Thursday, November 10, 2016

Facebook and Fake News

Joshua Benton:
There’s plenty of blame to go around, but the list of actors has to start with Facebook. And for all its wonders — reaching nearly 2 billion people each month, driving more traffic and attention to news than anything else on earth — it’s also become a single point of failure for civic information. Our democracy has a lot of problems, but there are few things that could impact it for the better more than Facebook starting to care — really care — about the truthfulness of the news that its users share and take in.

As BuzzFeed’s Craig Silverman has documented repeatedly — and as anyone who has spent much time on their relatives’ profile pages can probably attest — Facebook has become a sewer of misinformation. Some of it is driven by ideology, but a lot is driven purely by the economic incentive structure Facebook has created: The fake stuff, when it connects with a Facebook user’s preconceived notions or sense of identity, spreads like wildfire. (And it’s a lot cheaper to make than real news.)

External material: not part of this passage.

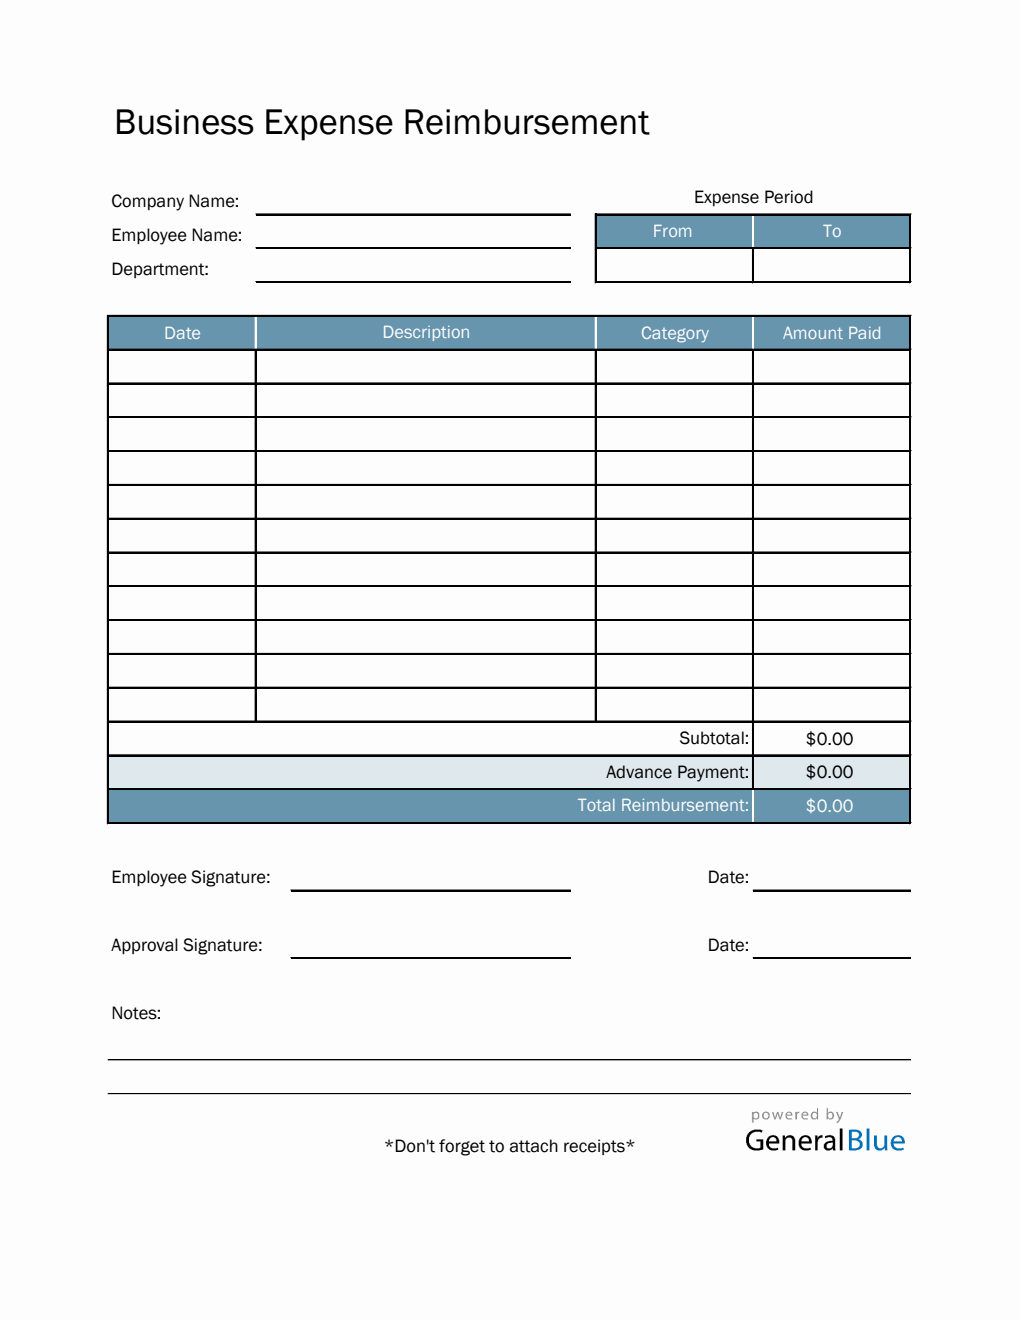 Business Expense Reimbursement in Excel (Aqua)

One example: I’m from a small town in south Louisiana. The day before the election, I looked at the Facebook page of the current mayor. Among the items he posted there in the final 48 hours of the campaign: Hillary Clinton Calling for Civil War If Trump Is Elected. Pope Francis Shocks World, Endorses Donald Trump for President. Barack Obama Admits He Was Born in Kenya. FBI Agent Who Was Suspected Of Leaking Hillary’s Corruption Is Dead.

These are not legit anti-Hillary stories. (There were plenty of those, to be sure, both on his page and in this election cycle.) These are imaginary, made up, frauds. And yet Facebook has built a platform for the active dispersal of these lies — in part because these lies travel really, really well. (The pope’s “endorsement” has over 868,000 Facebook shares. The Snopes piece noting the story is fake has but 33,000.)
Benton wants Facebook to hire editors who would, among other things, flag fake stories as fake:
Another idea would be to hire a team of journalists and charge them with separating at least the worst of the fake news from the stream. Not the polemics (from either side) that sometimes twist facts like balloon animals — I’m talking about the outright fakery. Stories known to be false could be downweighted in Facebook’s algorithm, and users trying to share them could get a notice telling them that the story is fake. Sites that publish too much fraudulent material could be downweighted further or kicked out entirely.

Would this or other ideas raise freedom of speech or other thorny issues? Sure. This would be easy to screw up — which is I’m sure why Facebook threw up its hands at the pushback to a human-edited Trending section and why it positions itself a neutral connector of its users to content it thinks they will find pleasing. I don’t know what the right solution would be — but I know that getting Mark Zuckerberg to care about the problem is absolutely key to the health of our information ecosystem.
I think something like this has to be done, because I don't think we can survive as a nation if we all come to believe malicious lies about each other.

2 comments:

Shadow said...

My, oh, my. Those headlines could be from the National Enquirer (at least the Enquirer of old). Is that where they come from? The problem is not just with people of ill intent, but with consumers who don't double check what they come across, especially when what they come across sounds a little odd. Each one of those headlines is worthy of a google search just to be sure.

The journalist solution doesn't excite me. The sheer volume of "news" items probably makes this impractical, and certainly costly and time consuming. How would you keep up? I really see no way around people doing their own fact checking on what they come across. It isn't all that hard to do.

G. Verloren said...

How about we make it a serious crime to publish outlandish falsehoods? Yes, there'd obviously need to be allowances for honest mistakes, but that would not be that hard to achieve.

We need to start holding people accountable for spreading blatant lies, because we absolutely cannot rely on the ignorant masses to be willing or able to determine truth from fiction.

We've seen over and over that if left to their own devices, the media will resort to nearly anything if it stands to make them money or serve their interests. We cannot allow these predators to continue to do as they please. There must be consequences for undermining the good of society in the pursuit of naked greed.